*** Opening Materials provided ***

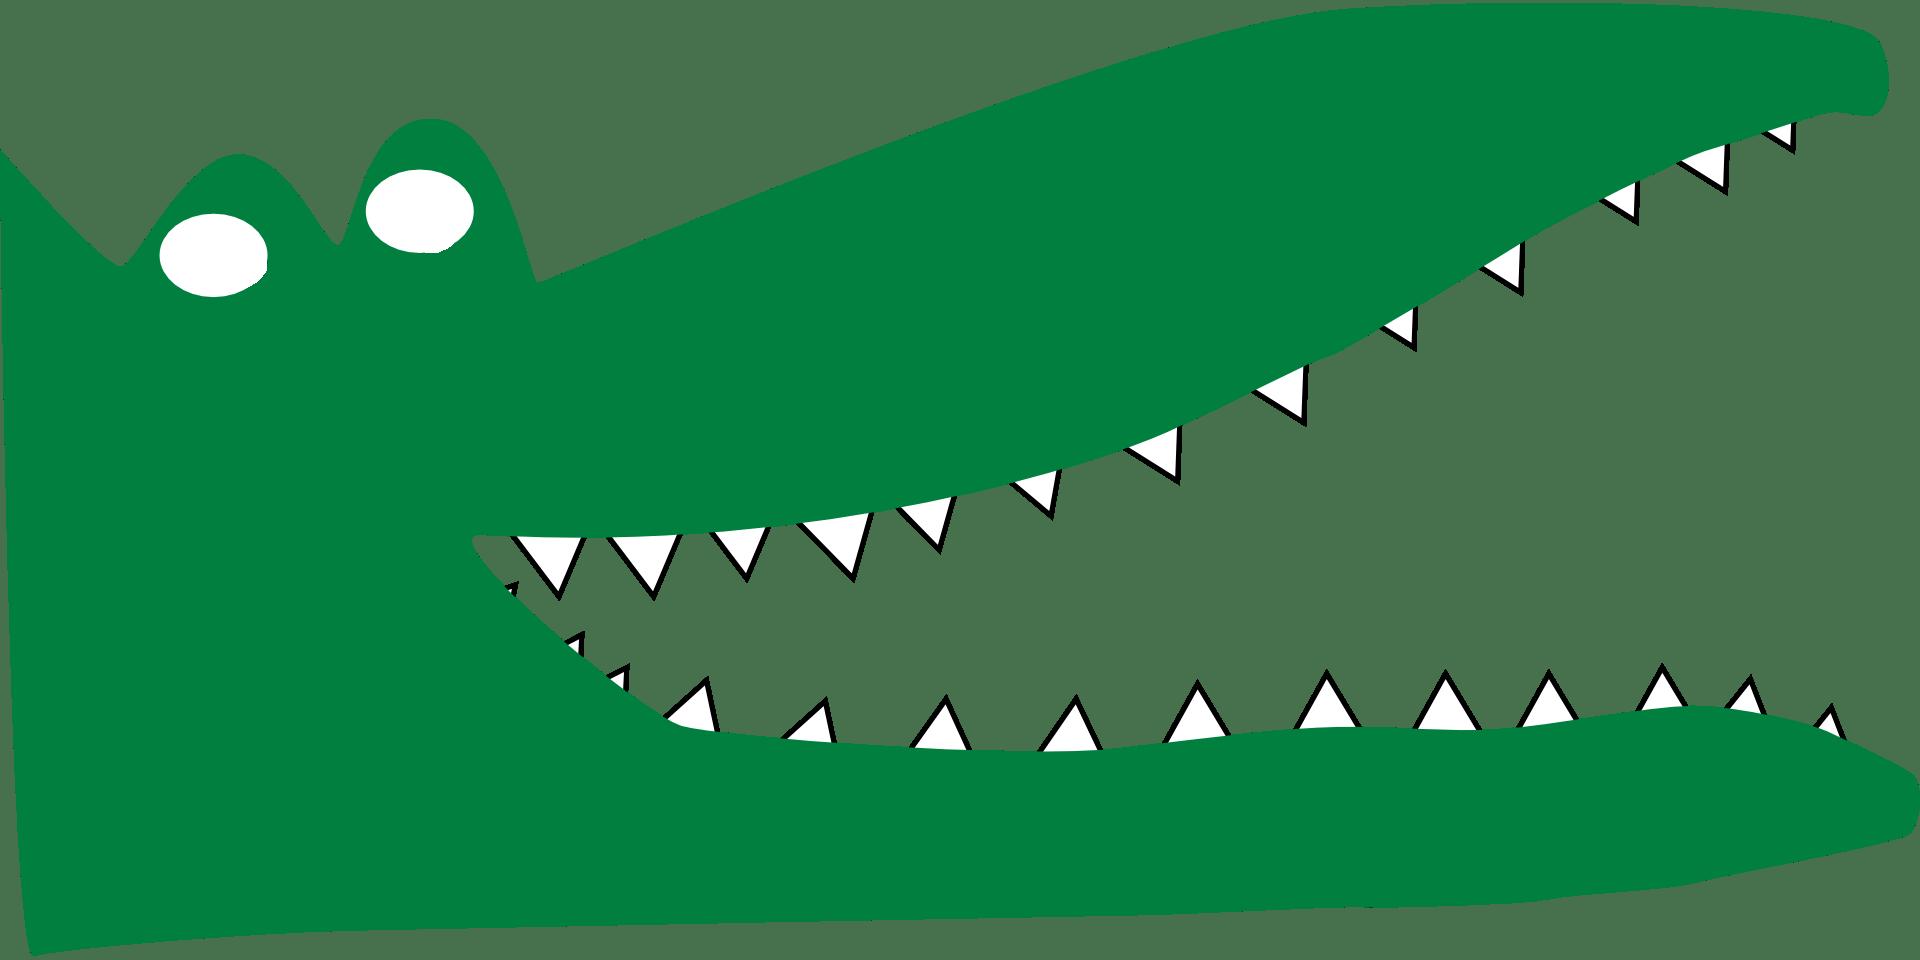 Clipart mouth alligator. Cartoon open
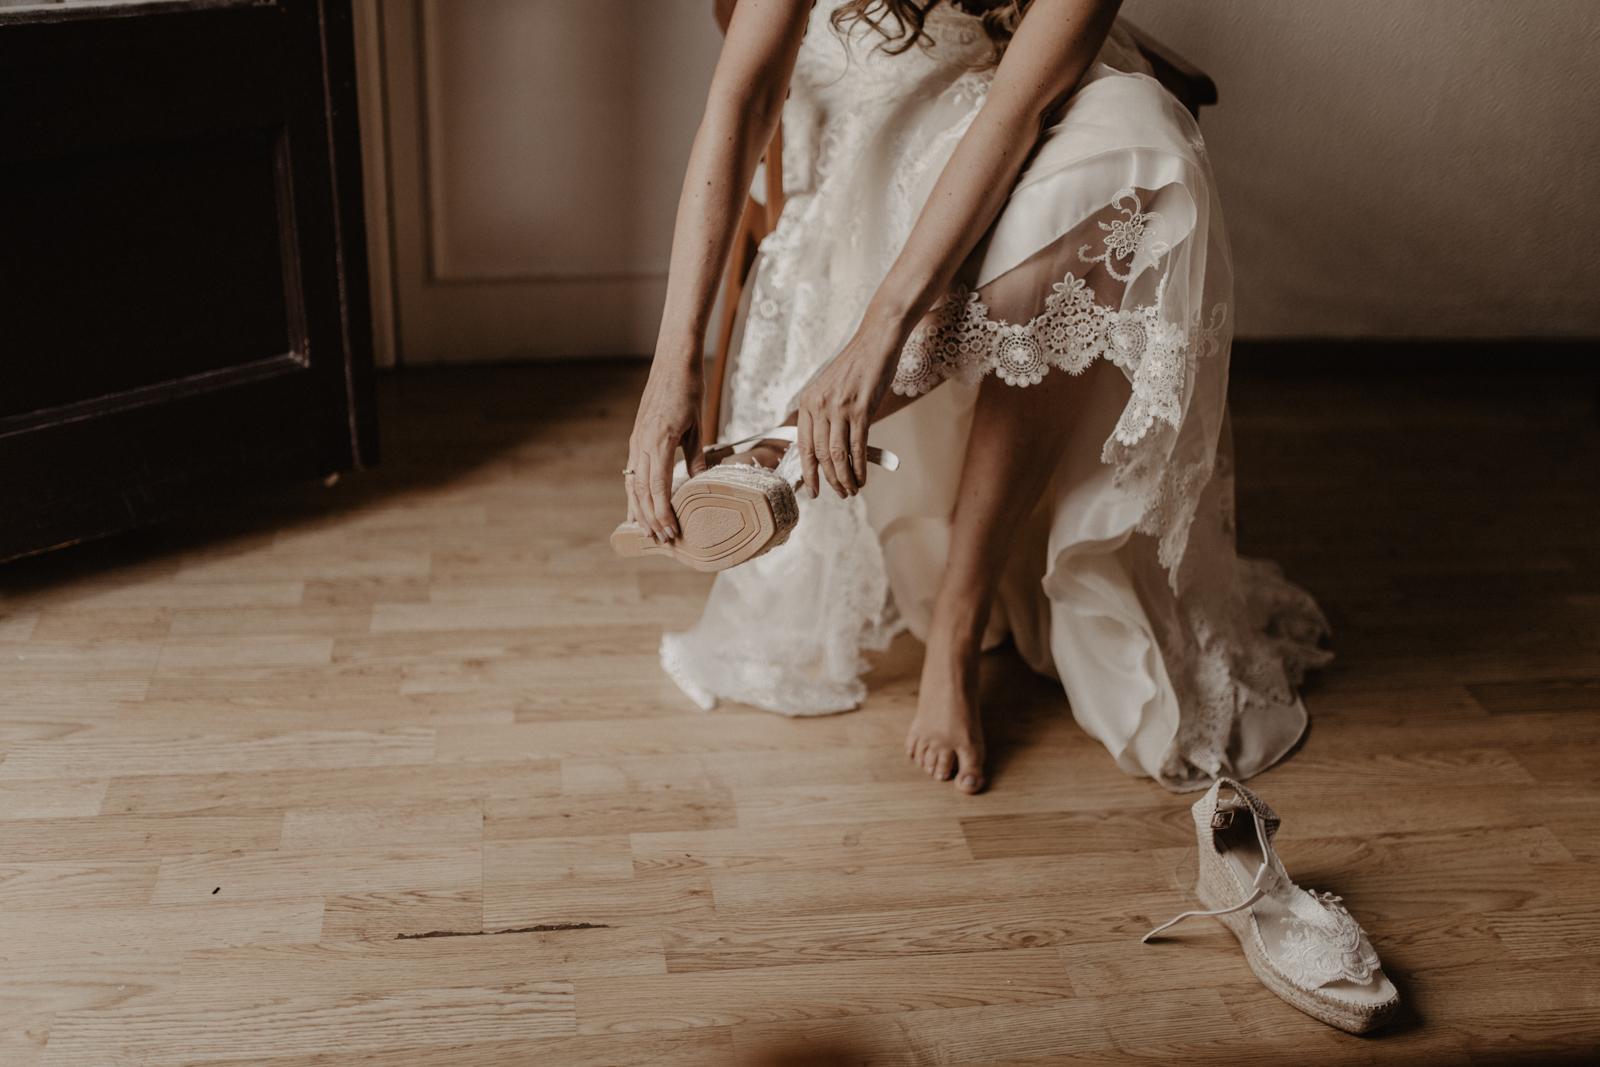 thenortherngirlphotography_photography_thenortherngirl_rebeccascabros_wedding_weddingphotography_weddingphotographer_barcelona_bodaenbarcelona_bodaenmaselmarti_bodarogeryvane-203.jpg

*** Closing Materials provided ***
*** Opening Materials provided ***

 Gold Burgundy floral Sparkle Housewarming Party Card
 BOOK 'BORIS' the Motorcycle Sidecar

*** Closing Materials provided ***

» **What needs to be done**
From the line holding "Gold Burgundy floral" to the line holding "BOOK 'BORIS' the Motorcycle Sidecar", inclusive, restate each line above exactly as written.

» **Exercise solution**
 Gold Burgundy floral Sparkle Housewarming Party Card
 BOOK 'BORIS' the Motorcycle Sidecar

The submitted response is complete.